Подъехала черная машина, которая везла их сюда. Несколько мужчин в черных костюмах вышли оттуда и вежливо обратились к ее спутнику. Они что-то участливо говорили ему. Было очевидно, что они пытаются в чем-то убедить его, но в чем? Водитель, который привез мужчин в черном, стоял в стороне с таким выражением лица, будто он совершил страшное преступление и ему положена смертная казнь. Он не смел даже взглянуть на спутника матери. «Простите меня», — сказал он ей и отошел, низко опустив голову; она догадалась, что произошло. У водителя не было выбора. Вряд ли можно было обвинить его в том, что он показал, куда привез своих пассажиров, этим мужчинам, сломавшись под градом вопросов. Но для них двоих хуже этого и придумать нельзя было. Упрямство ее любимого в итоге было сломлено силой. Его чуть ли не на руках внесли в машину. Ее тоже усадили в салон.

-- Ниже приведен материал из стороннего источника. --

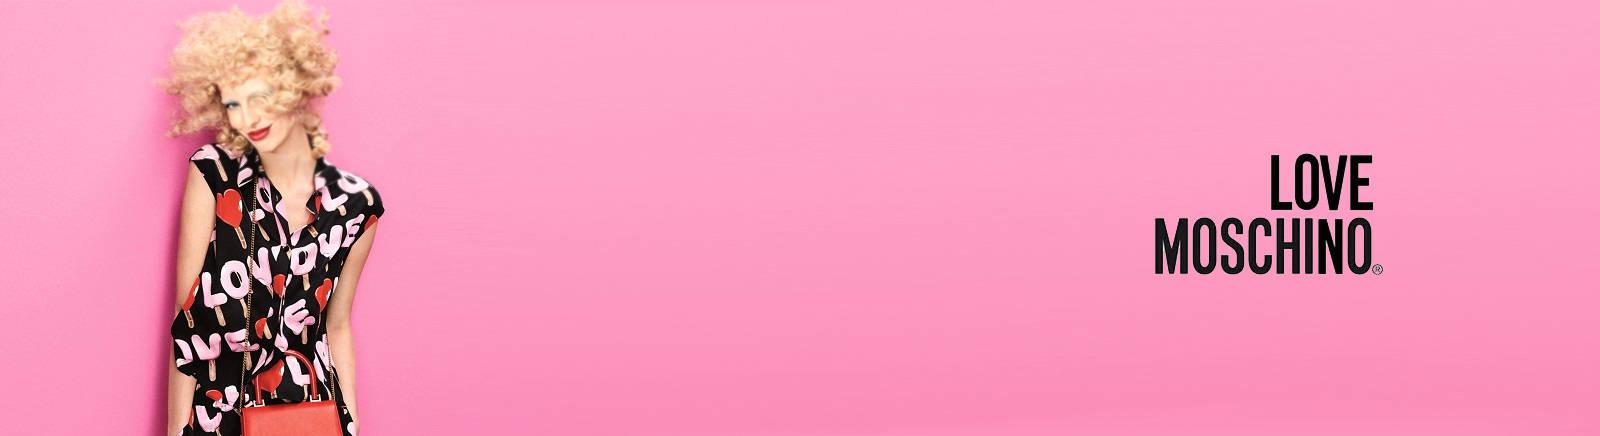 Love Moschino Damenschuhe online bestellen im Prange Schuhe Shop
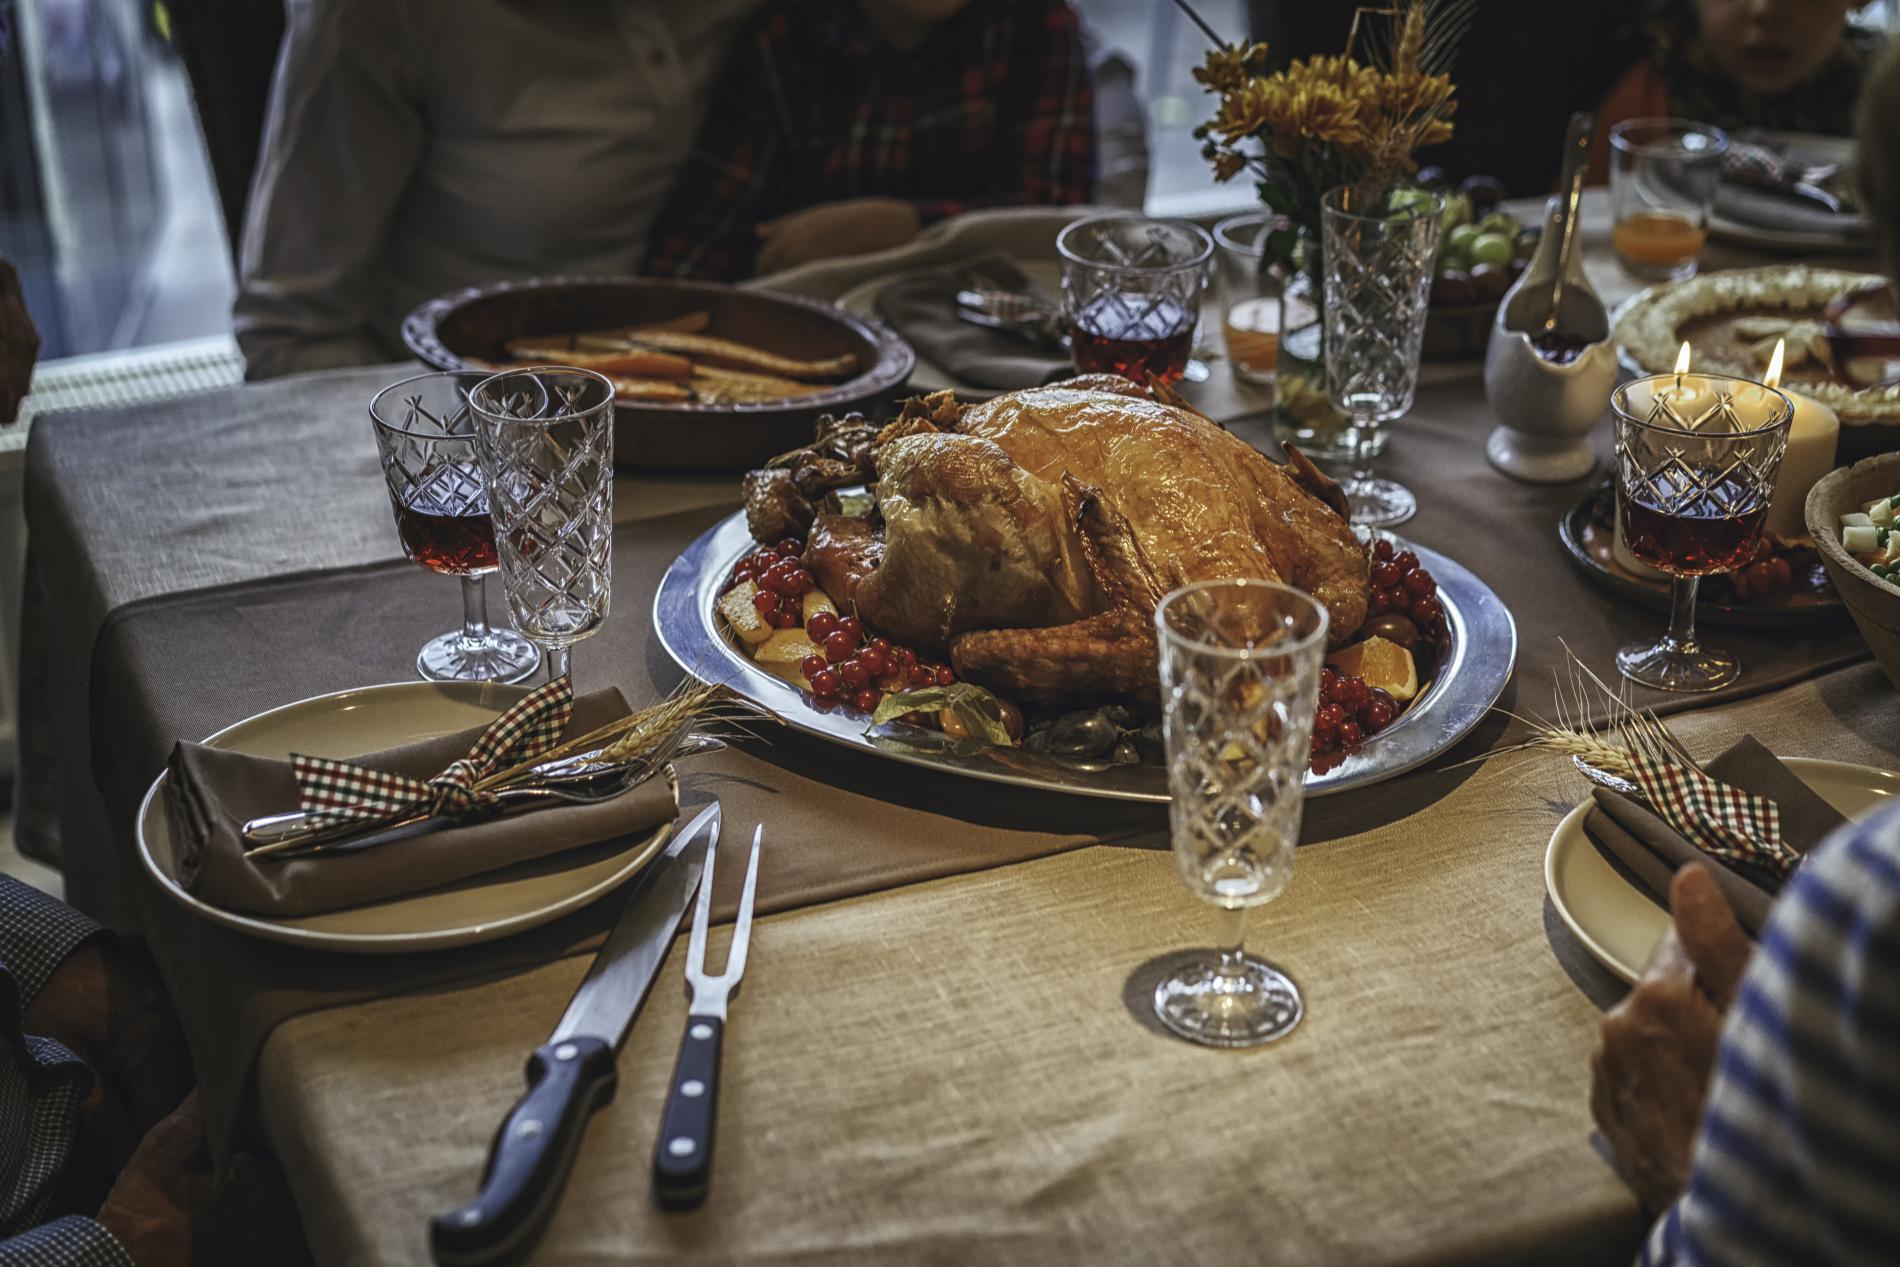 Idee Menu Jour De Noel.50 Recettes Traditionnelles Pour Un Repas De Noel Classique

Машина направилась к Сеулу. Город был сердцевиной той реальности, о которой они забыли. Сидя в машине, он крепко сжимал ее руку. Она смотрела на него горящим взглядом. Она готова была услышать любые слова из его уст. Она не понимала, что происходит, но что бы там ни было, — она на его стороне. Кажется, теперь она пошла бы за ним даже на смерть. Она так глубоко и горячо верила в него.
Сидя в мчащейся к реальности машине, он, будто признавая, что до этого жил бессмысленной, поддельной жизнью, сказал ей:
— Ты была бы очень удивлена, если бы узнала, чем я занимаюсь и как живу. Но теперь этому конец. Юнхи, ты моя единственная надежда.
Ей о многом хотелось спросить, но она не говорила ничего. Вместо этого, она положила голову ему на грудь, словно показывая свое безграничное к нему доверие. Ее на самом деле меньше всего интересовали политические интриги. Единственное, что волновало ее, — этот мужчина. Своим жестом она сказала ему то, чего не нужно говорить вслух, а он без слов понял ее. Они долго молчали.
— Мне кажется, ты относишься ко мне так же, как я к тебе, а ты для меня — надежда. Я никогда не изменю своего мнения. — Единственное, что он сказал ей перед тем, как она вышла из салона автомобиля.
И еще — поблагодарил ее. Услышав слова благодарности, она заплакала. Он протянул ей платок. Она вытерла слезы и скомкала платок в руке. Она не знала, что это было начало долгой разлуки. Было, правда, что-то на уровне предчувствий. Мать помнит, как машина скрылась из виду, а слезы все лились из глаз, и сдержать их никак не удавалось. Помнит, как взорвалось что-то внутри, и на нее нахлынуло тяжелое, неотступное чувство тоски; как она, несмотря на все старания, не могла удержаться и плакала — сначала тихонько, и слезы тонкими ниточками бежали по ее щекам, но чем дольше она плакала, тем сильнее сотрясали ее рыдания, — как она, захлебываясь в водопаде слез, в изнеможении опустилась на землю. Не было ли все это дурным предзнаменованием их несчастливой судьбы?